Simplest way to convert a program for parallel (multithreaded) runs on multiple servers/cores?

You just turn sparse=true on in the generation call.

With CVODE_BDF finally working, using that instead of Rodas5, the runtime of my main program for Npix = 1601 was reduced from 8 hours to 2 hours! Wow!

1 Like

One last question, if I may… since I am running on a system with multiple cores, is there a straightforward way to make the command DifferentialEquations.solve (from my sample program above) run in a distributed way on the multiple cores, for savings of time and memory? (BTW, I run the program from the IDE, not from command line.)

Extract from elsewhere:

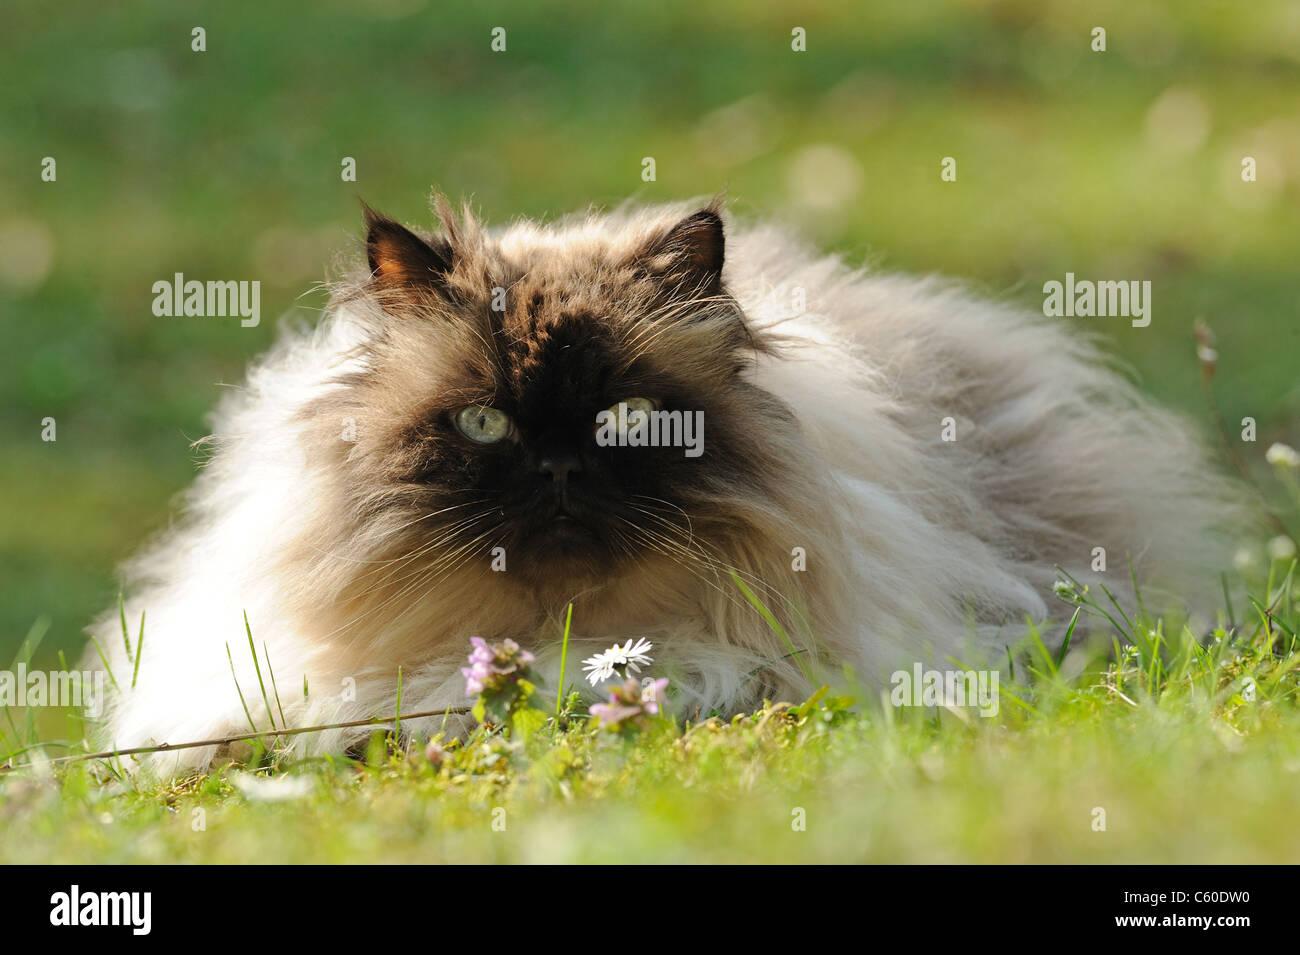 Domestic Cat, Persian Cat (Felis silvestris, Felis catus), adult female lying on a lawn. - Stock Image
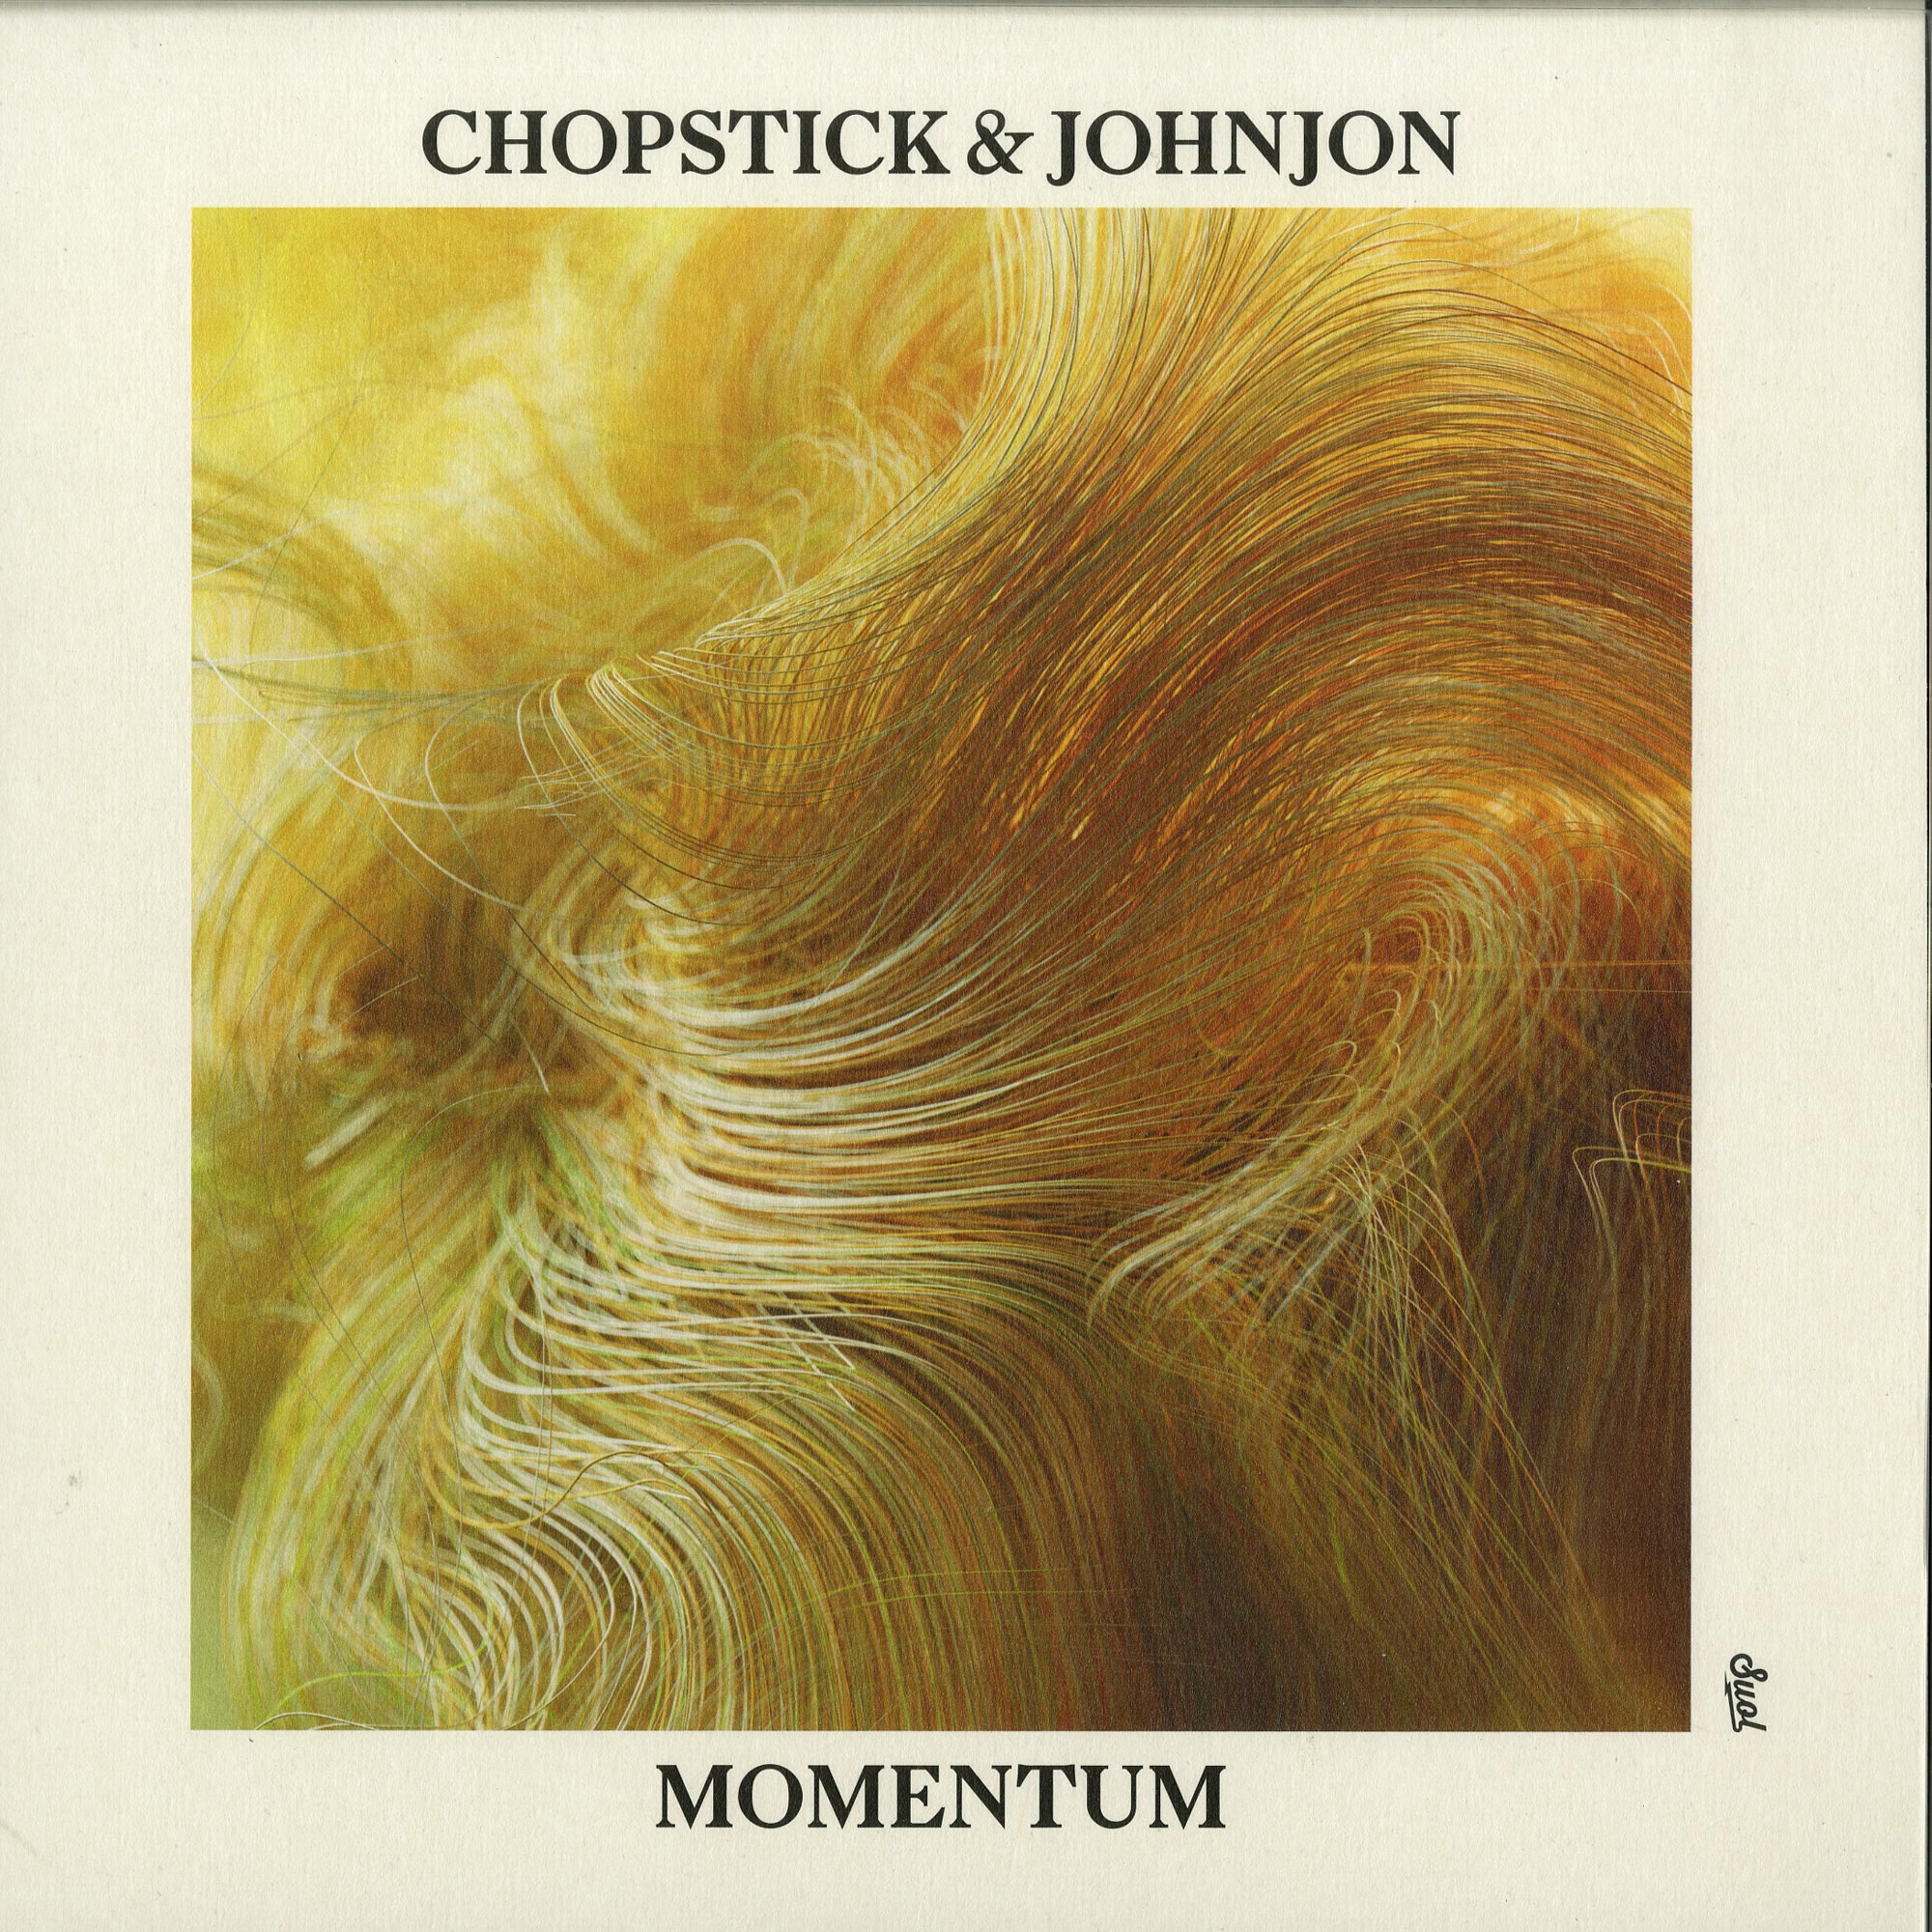 Chopstick & Johnjon - MOMENTUM EP

(I tried reading through “Multi-processing and Distributed Computing · The Julia Language”, but I’m afraid that it did not illuminate me.)

Thanks again…!

Concerning your code, you can accelerate that inner loop with (start julia with julia -t N where N is the number of cores you want to use):

    Threads.@threads for i in 2:(Npts-1)
        du[i,2] = u[i,1]
        du[i,1] = (-k*u[i,2]) + ((u[(i+1),2]-(2*u[i,2])+u[(i-1),2])/(DX^2))
    end

If that makes a difference for overall peformance, you might want to rewrite the loop to actually take advantage of multi-threading, but I would test that first.

you can also (with a single core), use:

using LoopVectorization

and change that loop to:

    @avx for i in 2:(Npts-1)
        du[i,2] = u[i,1]
        du[i,1] = (-k*u[i,2]) + ((u[(i+1),2]-(2*u[i,2])+u[(i-1),2])/(DX^2))
    end

that provides some additional speedup.

But those things will only make any difference if the computation of that loop is important for the overall performance, which I am not sure (I could not run your example).

1 Like

The bottleneck is very likely the computation of the jacobian. Also, you can pass options to CVODE_BDF like dense, banded if I recall

2 Likes

The simplest thing to try is CVODE_BDF(linear_solver=:GMRES) which would be matrix-free. Without a preconditioner :man_shrugging: you might get a speedup you might not, but it’s at least easy to check.

1 Like

Hi again folks, I have implemented some of these changes, and the results are of the “impossibly too good to be true” variety.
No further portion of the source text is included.